Finding Out Your Dad Isn't Your Dad
Four years ago, when I was 34 years old, I came home from work at 6:00 in the morning and my live-in boyfriend said to me, "Honey, you are not going to believe what happened last night!" A man had shown up at my doorstep, slightly tipsy, and announced to my boyfriend that he (the man) believed he was my biological father. He spent about an hour telling my boyfriend information about myself and my family, particularly my mother. He left his name, address, phone number, and email address and told my boyfriend that I could contact him whenever I wanted to, if I chose to do so.

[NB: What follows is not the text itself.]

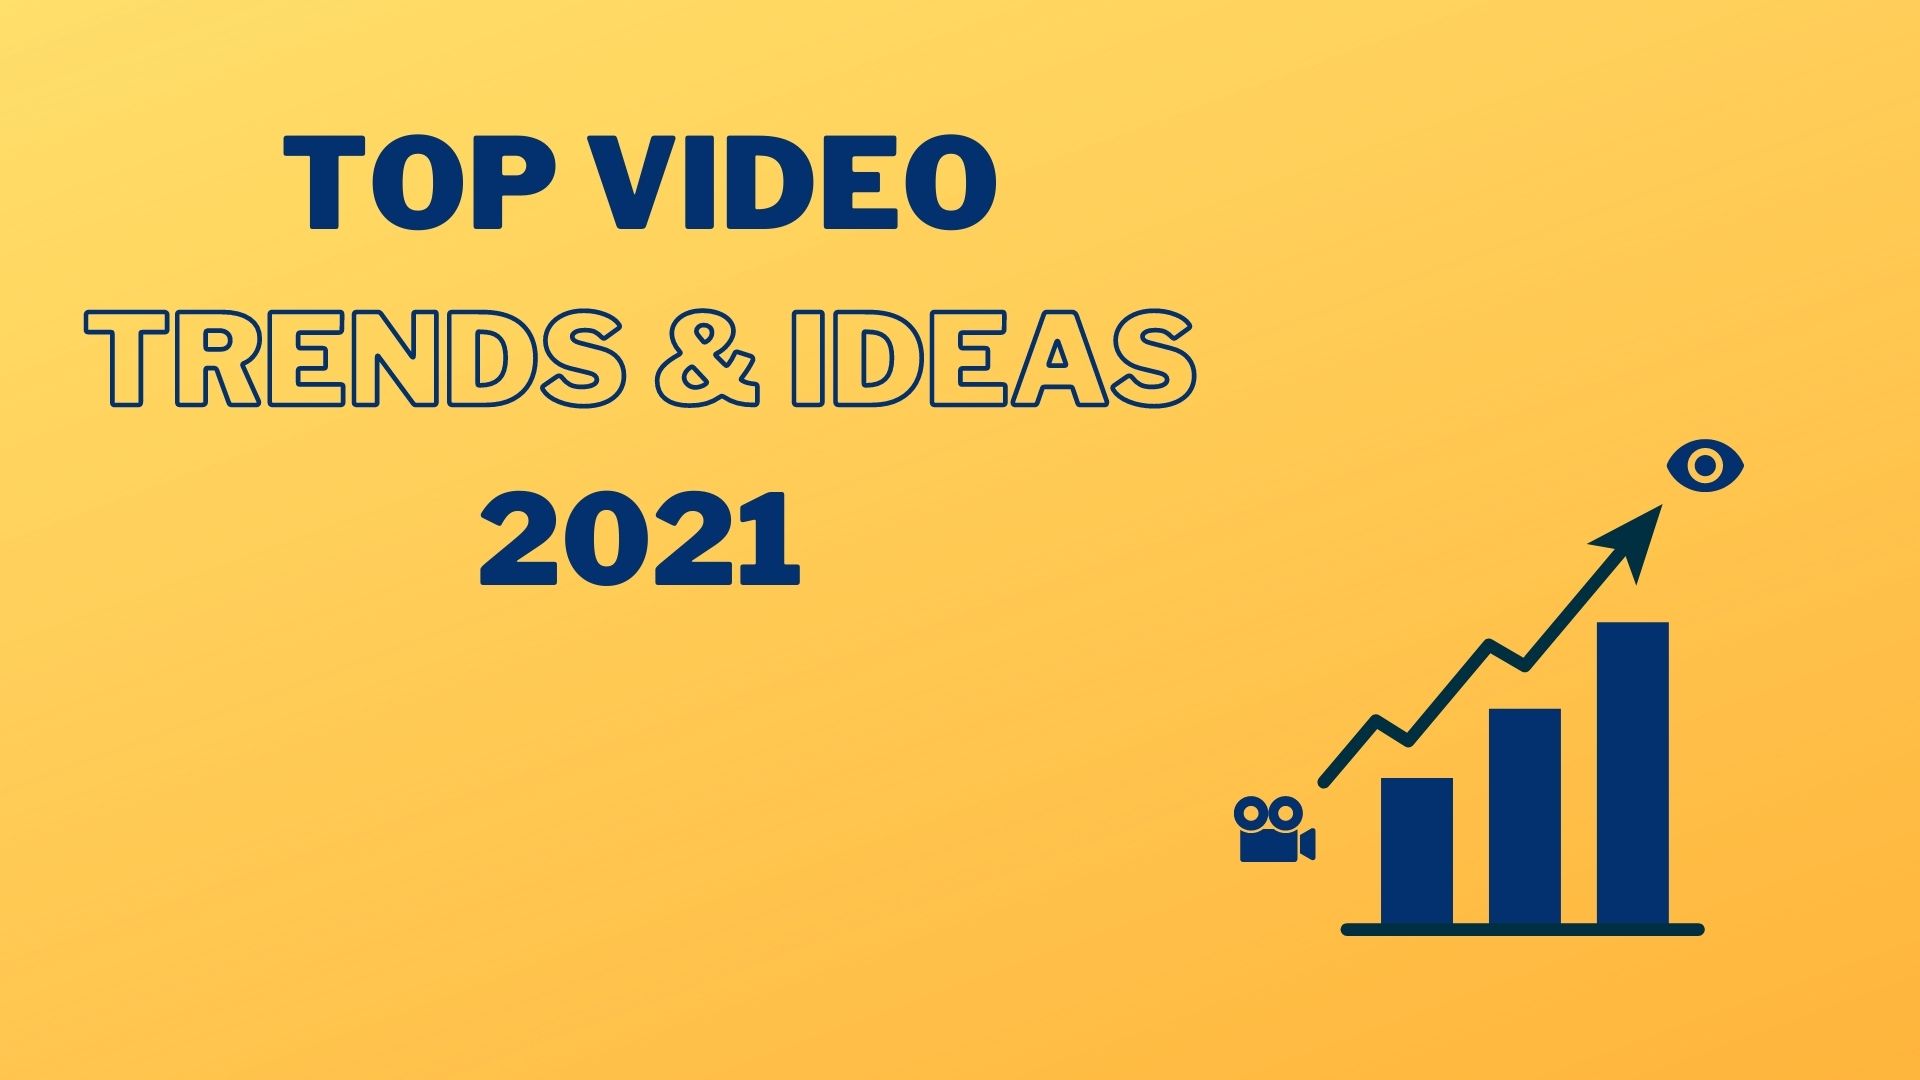 Top Video Trends and Ideas 2021

I spent some time pondering the matter and pouring over old family data. I had my mom's diary from the year 1968 to 1974 (four years before my birth and two years after), and plenty of family photos. My younger brother and sister have dark brown, curly hair with reddish tints that show up well in the sun and dark brown eyes, like my dad. I have mousy brown hair, straight as a board, and green eyes, like my mom. Nothing too telling in that...except that I favor my mother. The entire year prior to my birth had been removed from my mom's diary, which was suspicious. I saw a notation in the back that said my mom and dad had been separated for a year and a half prior to my conception, and that they had gotten back together right around the time I would've been conceived (my parents had been married for six years before I was born). Suspicion arose at that, too, because my siblings and I had never known that our parents had anything but a happy marriage prior to the arrival of children.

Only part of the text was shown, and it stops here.